I have been doing SEO for almost 20 years and brought websites to the Top 1 in Google for high-frequency queries. You have no level of analytics, you should not deceive people that you understand at least something in SEO. SEO is not a theory, but a practice, practice on live websites, and not outdated documentation from 2013, which was wrong.

you don't even understand how search engines and search bots like Google bot or ChatGPT work, you are trying to prove to me that you know these things better than me, but you are a DEVELOPER, and I'm an SEO specialist, I promote websites, I write articles, not you.

Any SEO expert will tell you that Google does not need pages like "Blog Category - Page 1", "Blog Category - Page 2", "Blog Category - Page 3" in their search.

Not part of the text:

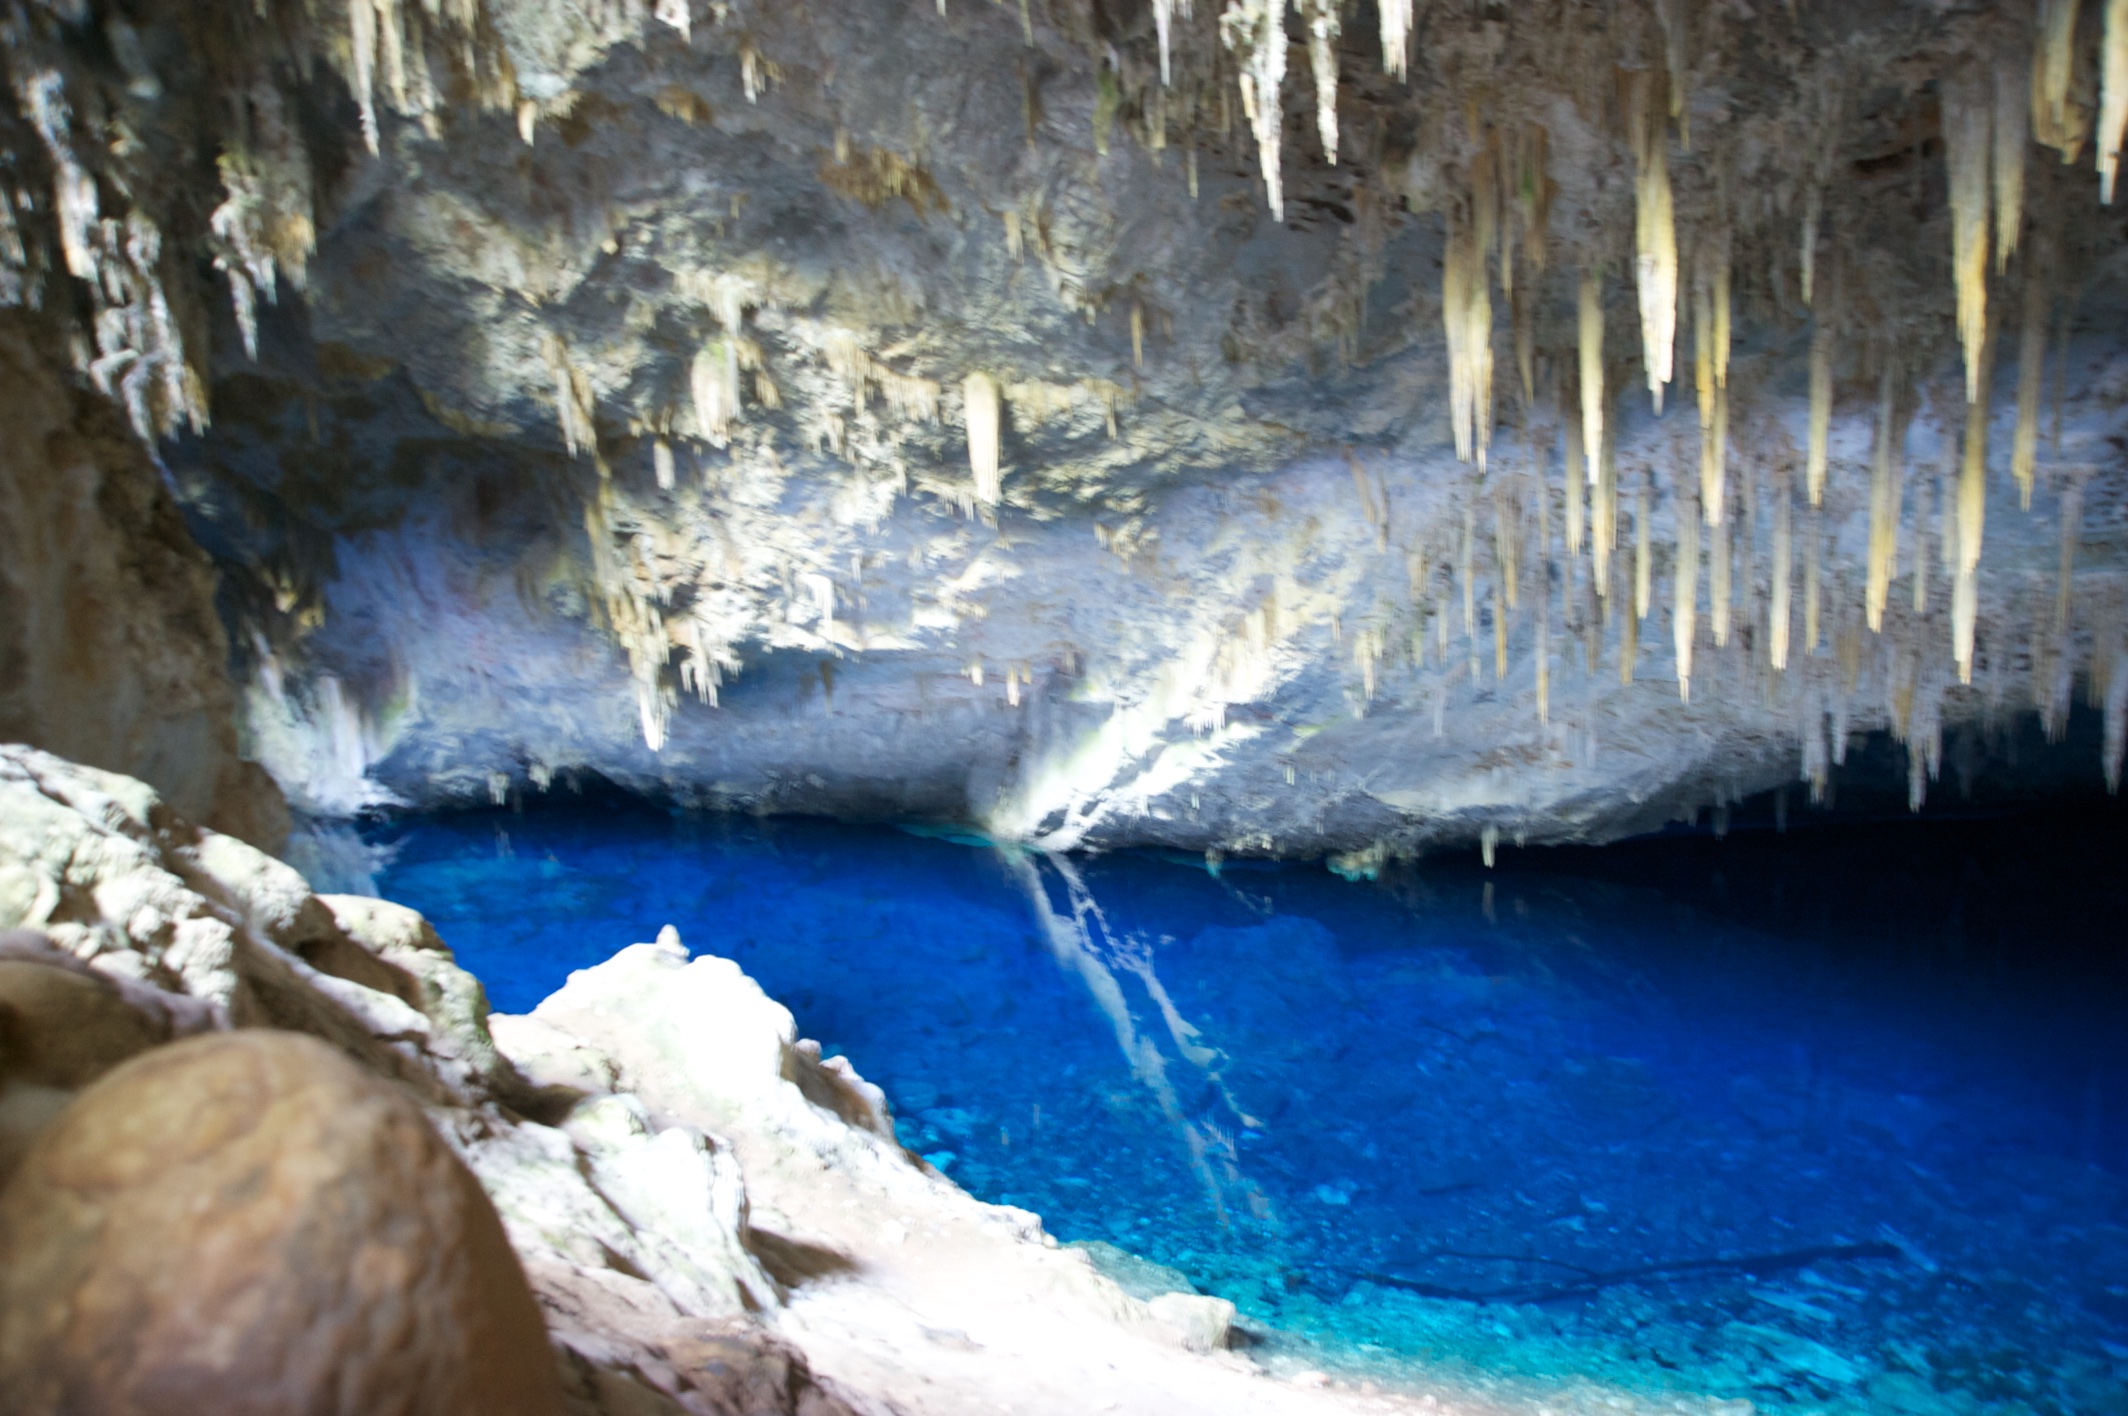  Gruta do Lago Azul, Blue Lagoon Cave, Bonito, Brazil

You really don't understand how Google collects information from all these websites and how their search engine works. This thread is literally full of criminally erroneous opinions from you about how SEO works. On any SEO forum, they will very quickly explain to you that you are wrong in everything you know about SEO.

universewrld commented 3 days ago

@universewrld I am in no way an expert on any of this. But all the content posted by @simbus82 #44310 (comment) from sources I absolutely trust say that you are wrong

you are confusing <noindex> with rel="canonical" links.

Block Search indexing with noindex - https://developers.google.com/search/docs/crawling-indexing/block-indexing

if links like Blog - Page 1, Blog - Page 2 and Blog - Page 3 had the <noindex> tag, then the content on those pages would not be indexed, but page Blog - Page 1, Blog - Page 2 and Blog - Page 3 do not have the <noindex> tag, so all content there will be indexed.

Instead of Blog - Page 1, Blog - Page 2 and Blog - Page 3 in Google search there will be the main page of the category Blog view.

universewrld commented 3 days ago

if you want to prohibit indexing of website pages, you can do it via noindex, nofollow and robots.txt file, but not via rel="canonical".

rel="canonical" only points to the main, canonical page, rel="canonical" does not prohibit indexing of other pages of your website.

some people in this thread have confused all SEO terms and definitions and are trying to pass themselves off as SEO experts.

fgsw commented 3 days ago

can this be locked for now?

Hackwar commented 3 days ago

Indeed. if you want to argue about SEO, feel free to meet in a forum or chat of your choice, but the issue tracker of Joomla is not the place to do this. I'm locking this topic for now.